#### Work item
Copy each line below as written, but skip the pictures.

#### Recorded data
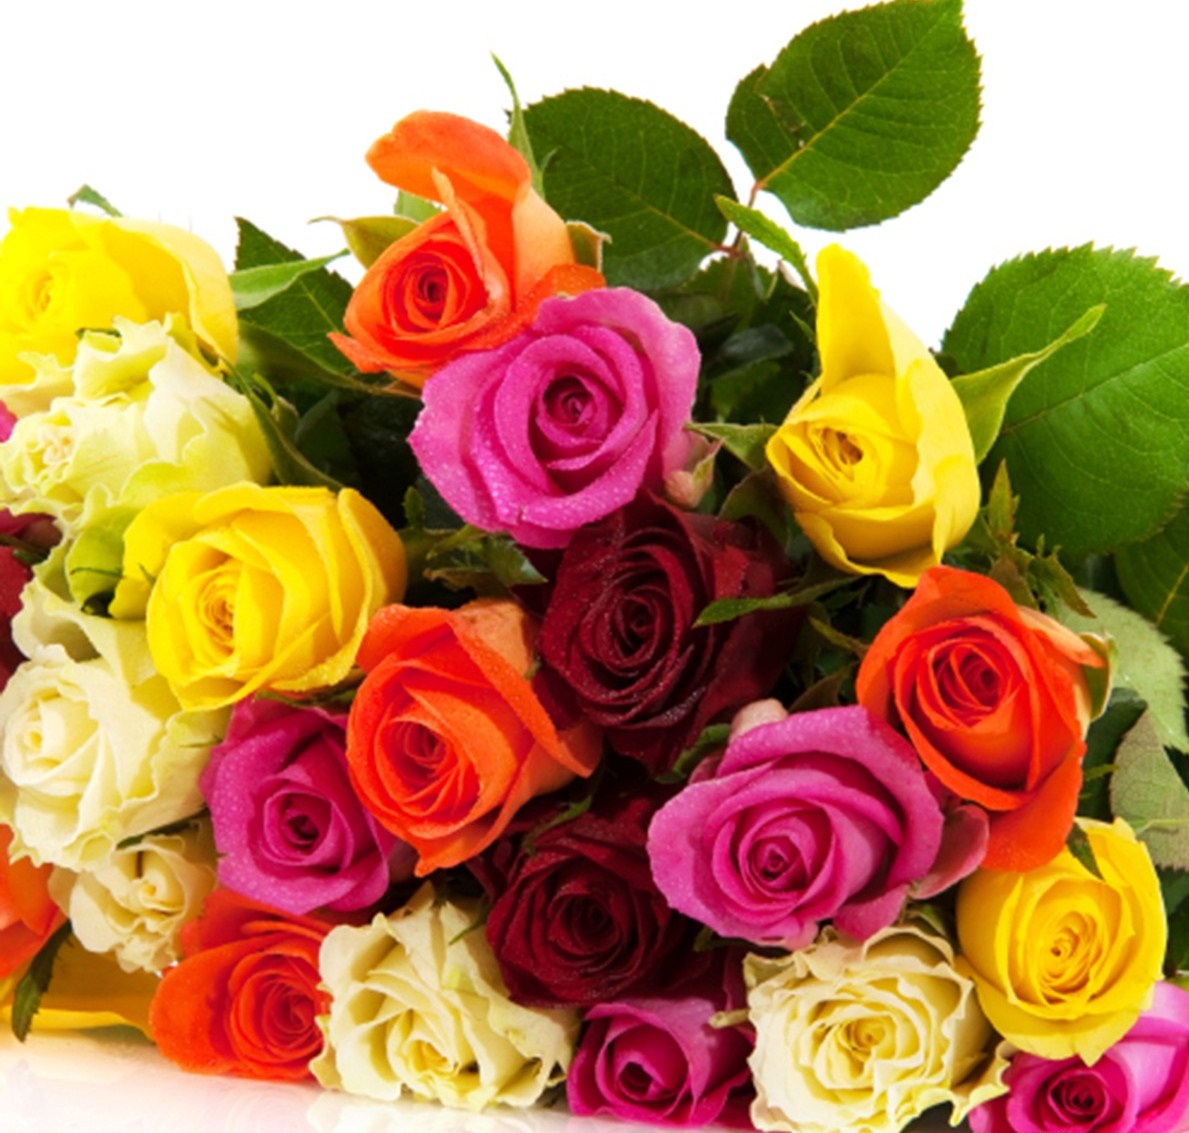 Bí quyết tặng hoa hồng ngày 20/10 cho người phụ nữ thân yêu
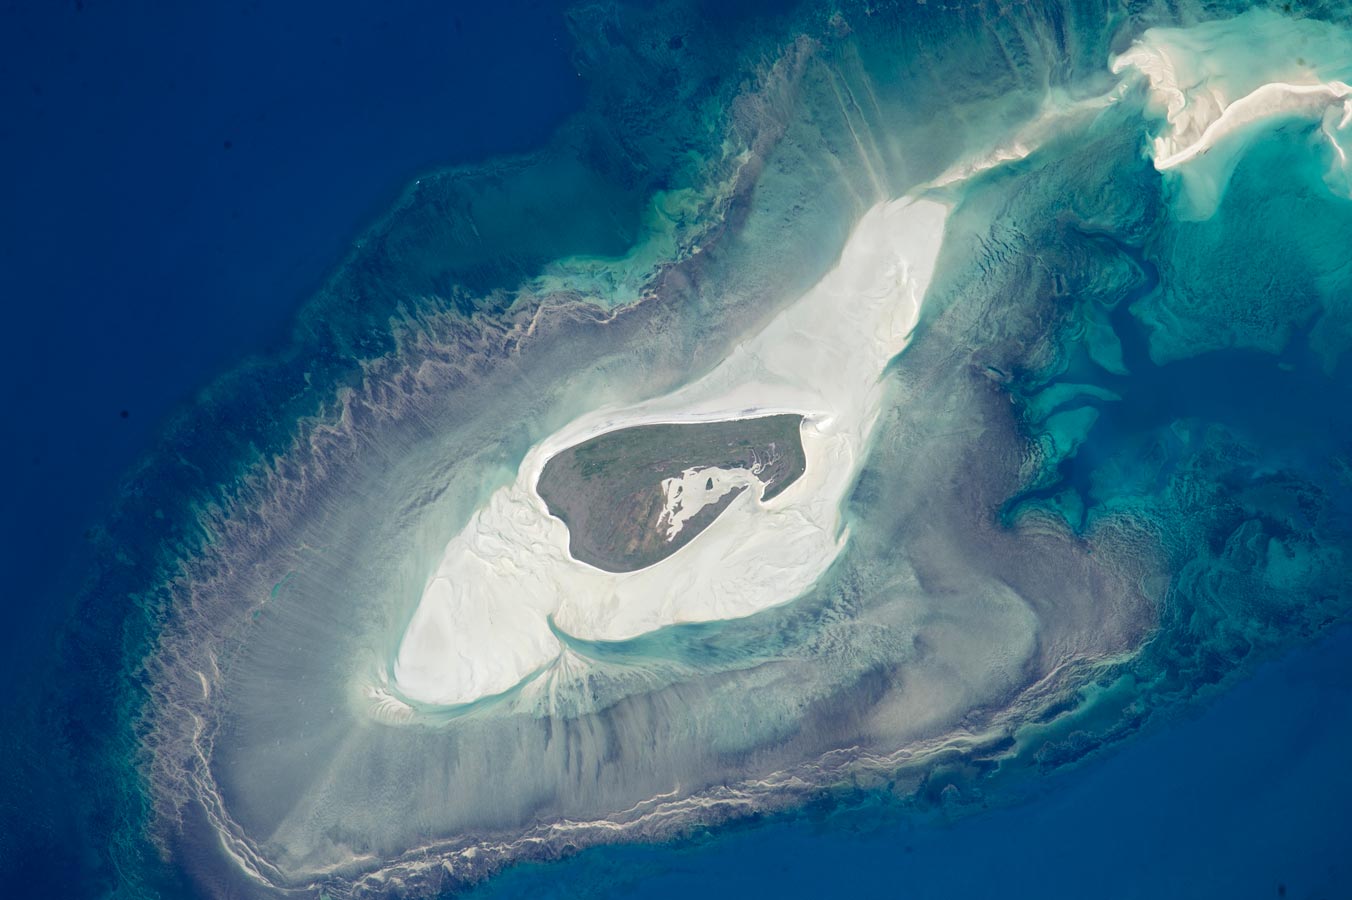 Крошечный остров Адель со многими концентрических зонами вокруг него на северо-западе побережья Австралии. Самая высокая точка находится чуть более 12 футов над уровнем моря, на этом травяном но безлесном острове. Остров имеет важное значение как среда обитания птиц.
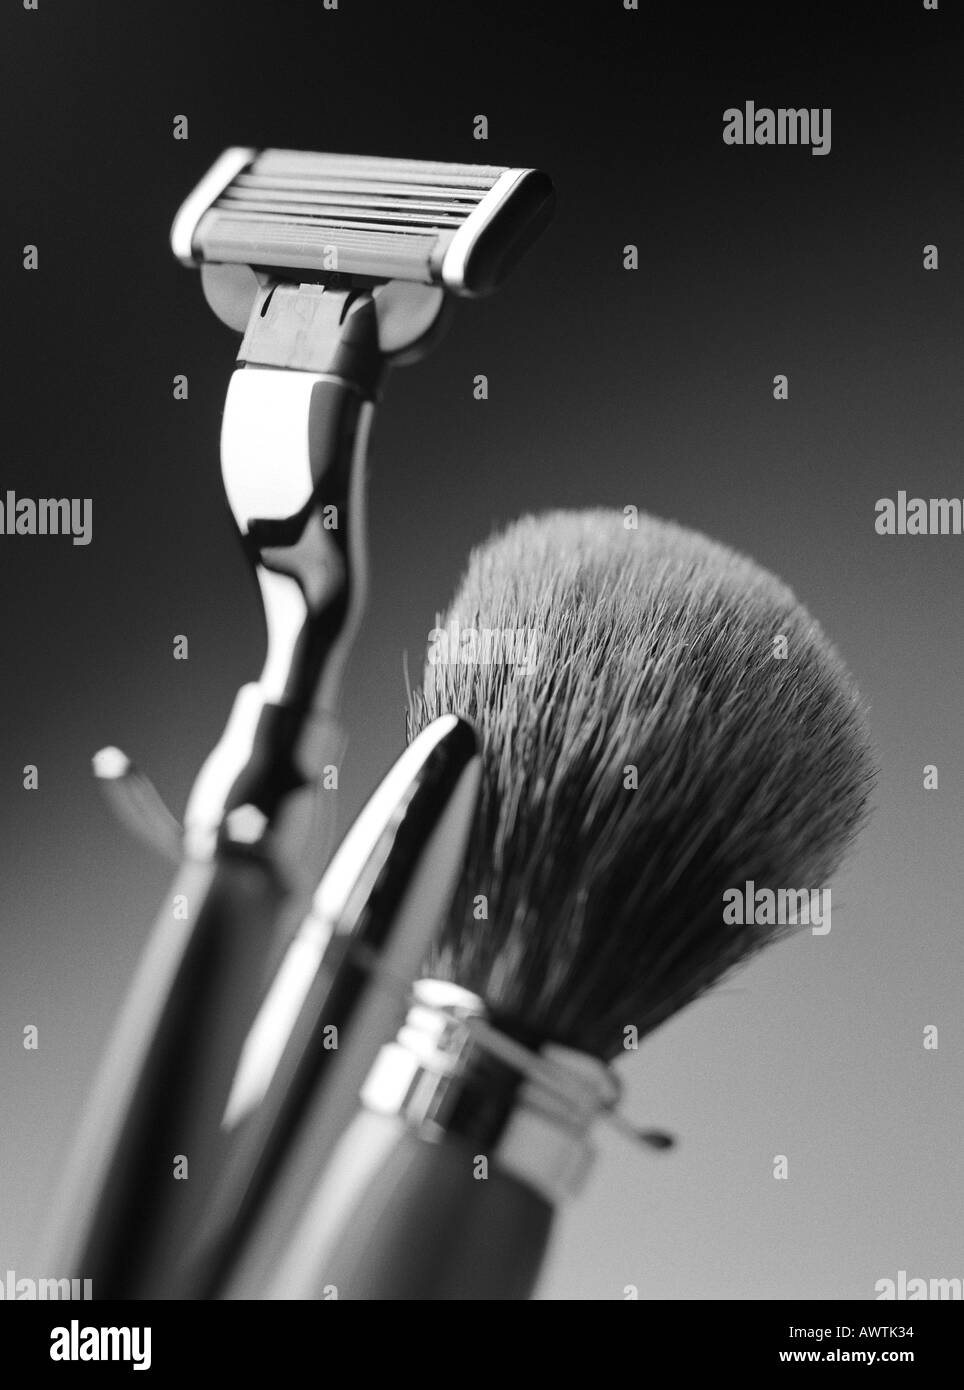 Rasiermesser und Rasierpinsel, close-up Stockfoto

#### Task answer
 Bí quyết tặng hoa hồng ngày 20/10 cho người phụ nữ thân yêu
 Крошечный остров Адель со многими концентрических зонами вокруг него на северо-западе побережья Австралии. Самая высокая точка находится чуть более 12 футов над уровнем моря, на этом травяном но безлесном острове. Остров имеет важное значение как среда обитания птиц.
 Rasiermesser und Rasierpinsel, close-up Stockfoto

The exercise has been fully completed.